(Record excerpts begins)
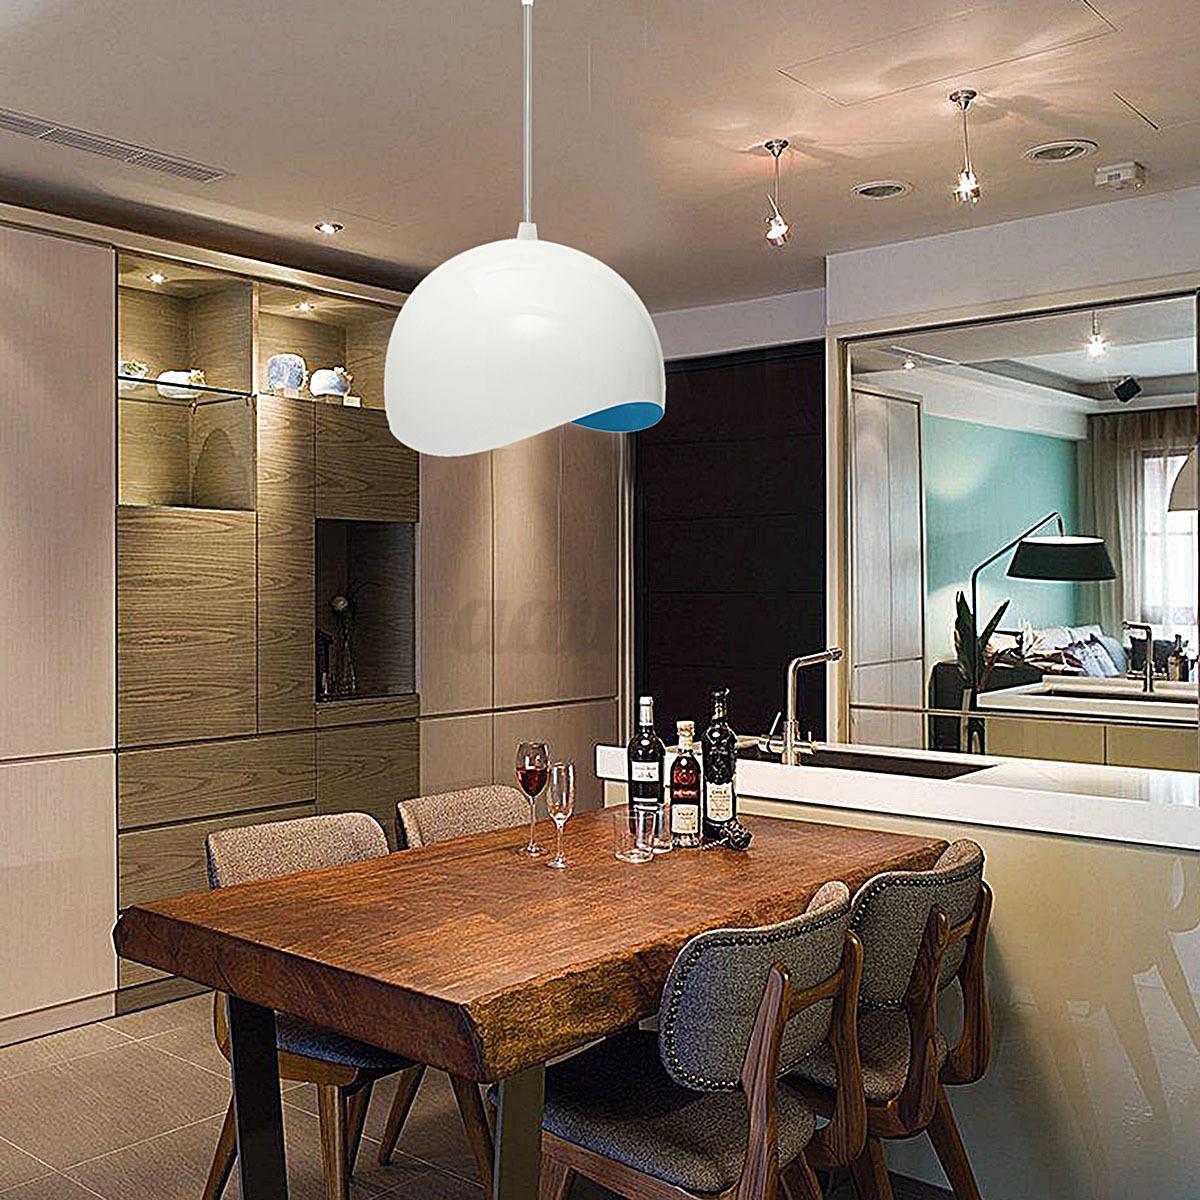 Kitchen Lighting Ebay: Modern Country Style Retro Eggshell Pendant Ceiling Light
(Record excerpts ends)
(Record excerpts begins)
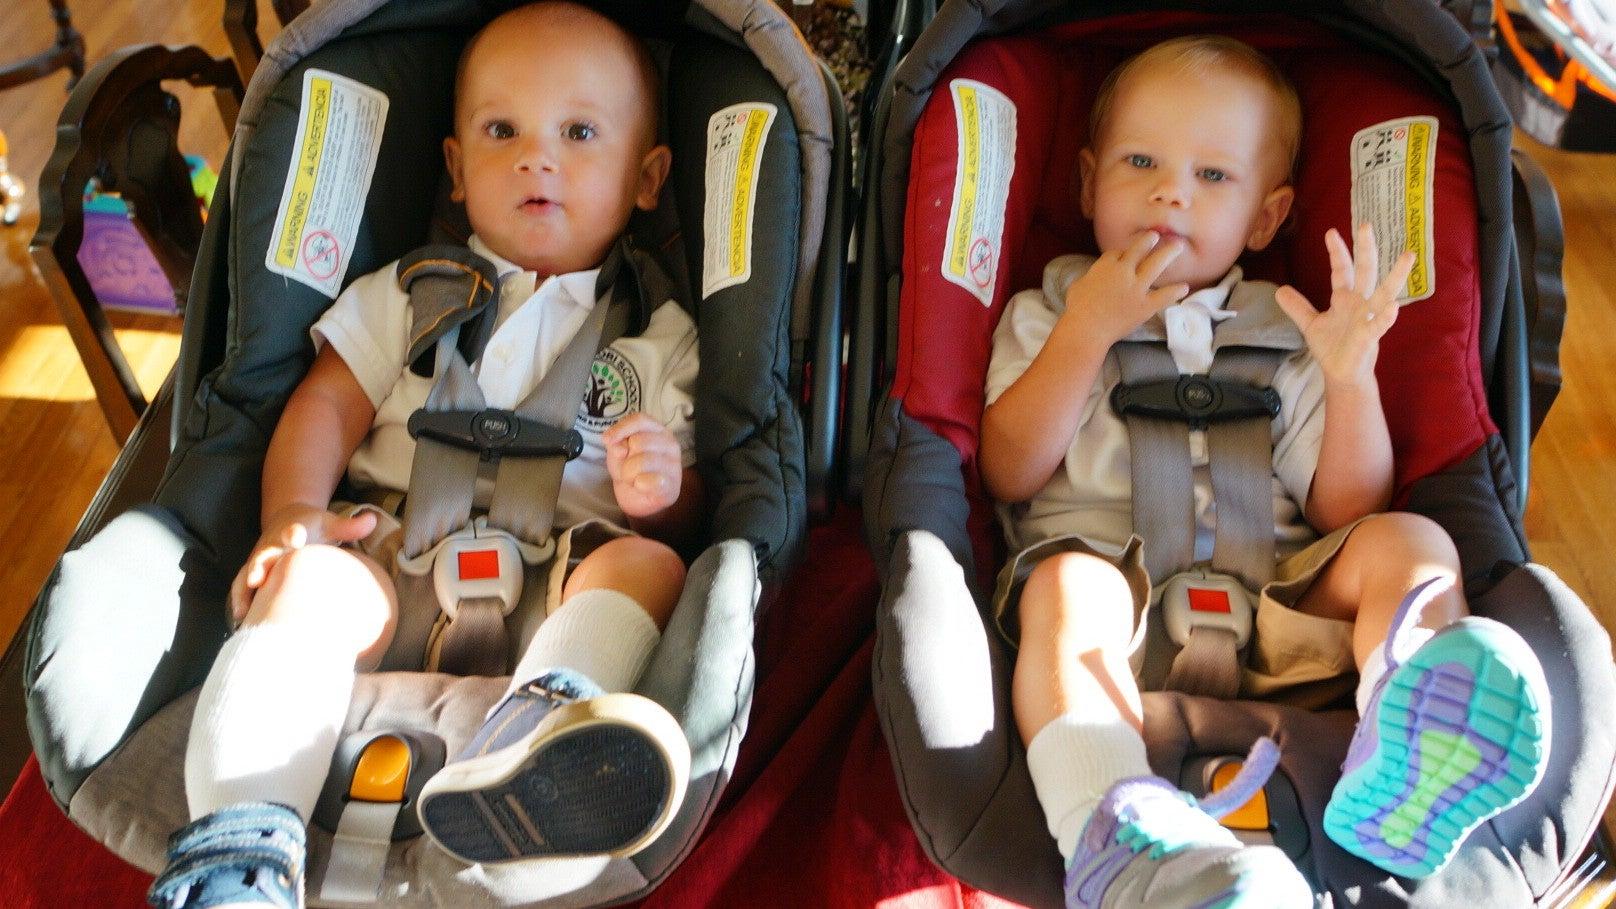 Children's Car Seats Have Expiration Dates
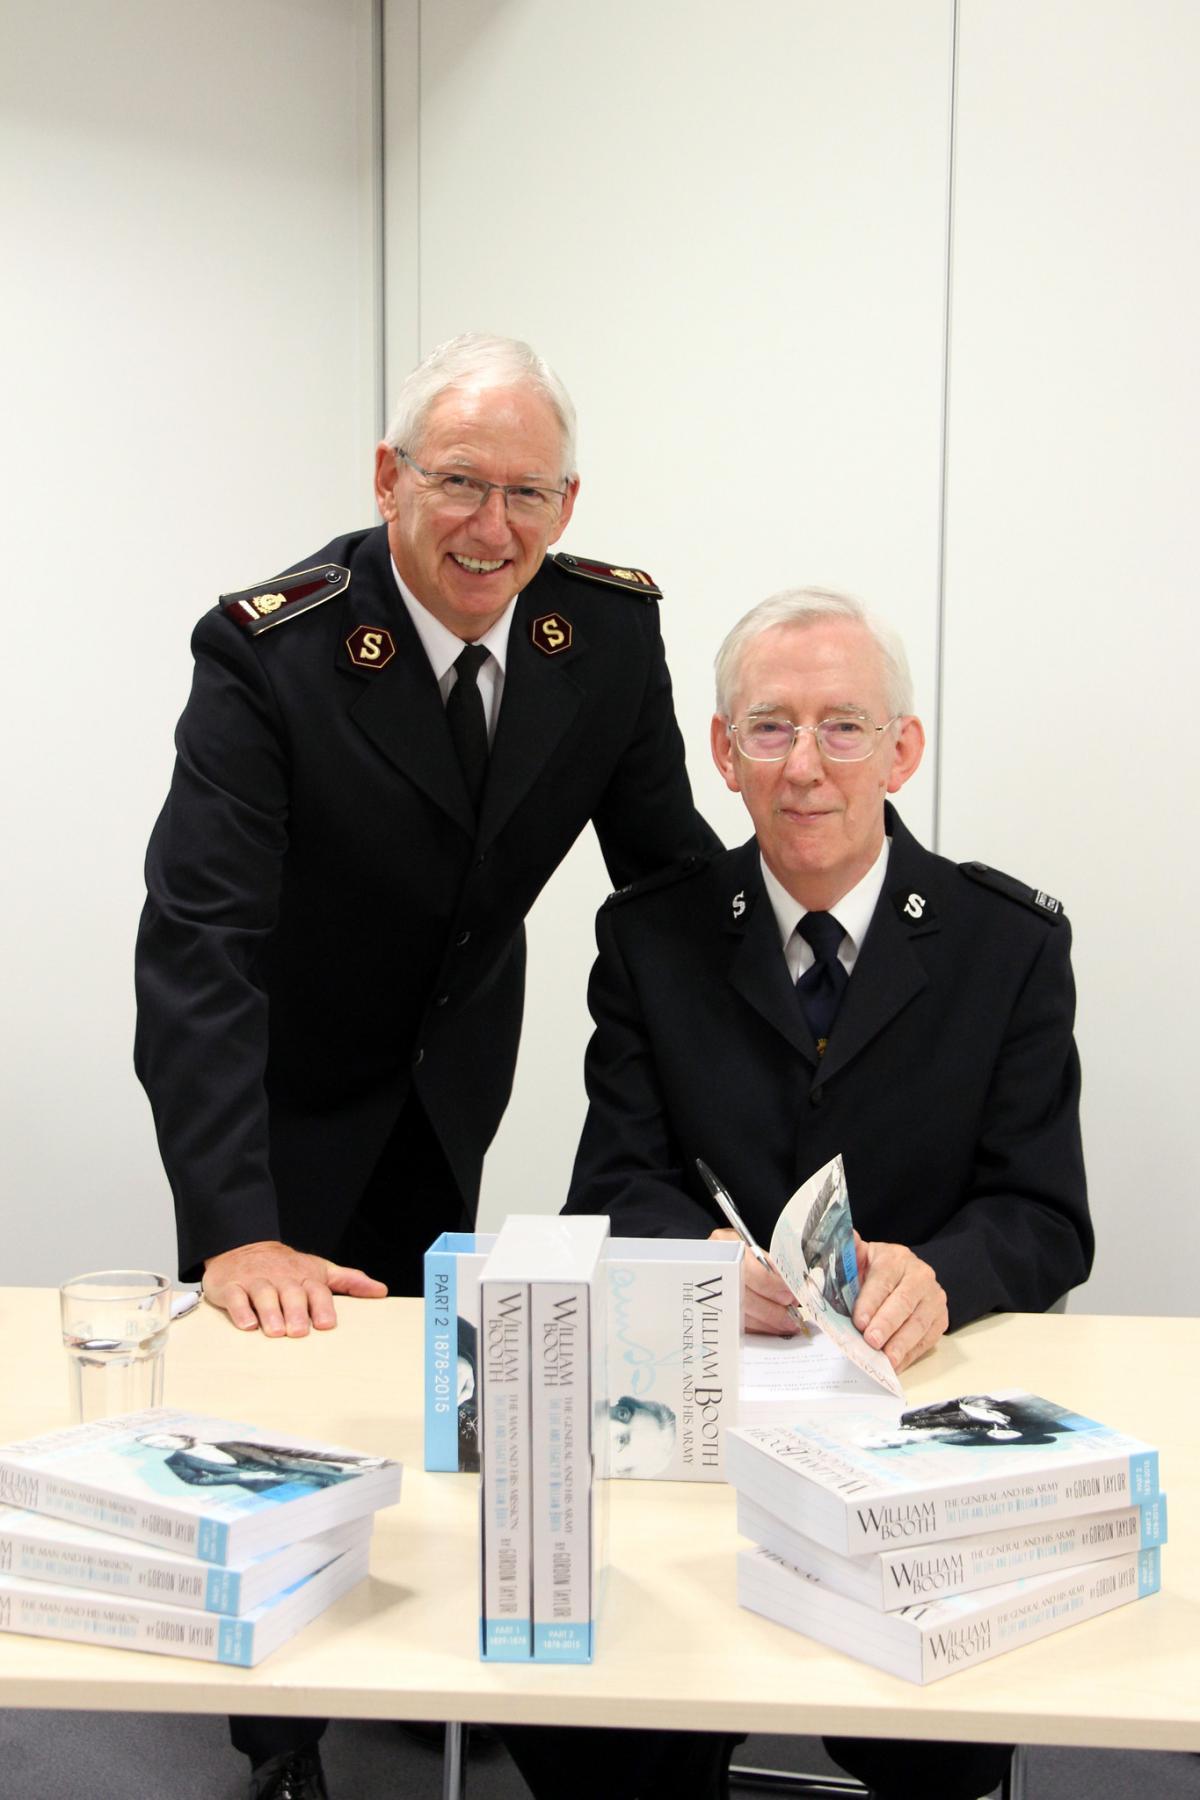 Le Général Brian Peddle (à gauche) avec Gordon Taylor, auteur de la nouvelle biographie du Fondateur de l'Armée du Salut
(Record excerpts ends)
• Problem
Reproduce the listing above exactly from the line containing "Children's Car Seats Have Expiration Dates" up to and including the line containing "Le Général Brian", omitting any images and everything outside those lines.

• Final answer
 Children's Car Seats Have Expiration Dates
 Le Général Brian Peddle (à gauche) avec Gordon Taylor, auteur de la nouvelle biographie du Fondateur de l'Armée du Salut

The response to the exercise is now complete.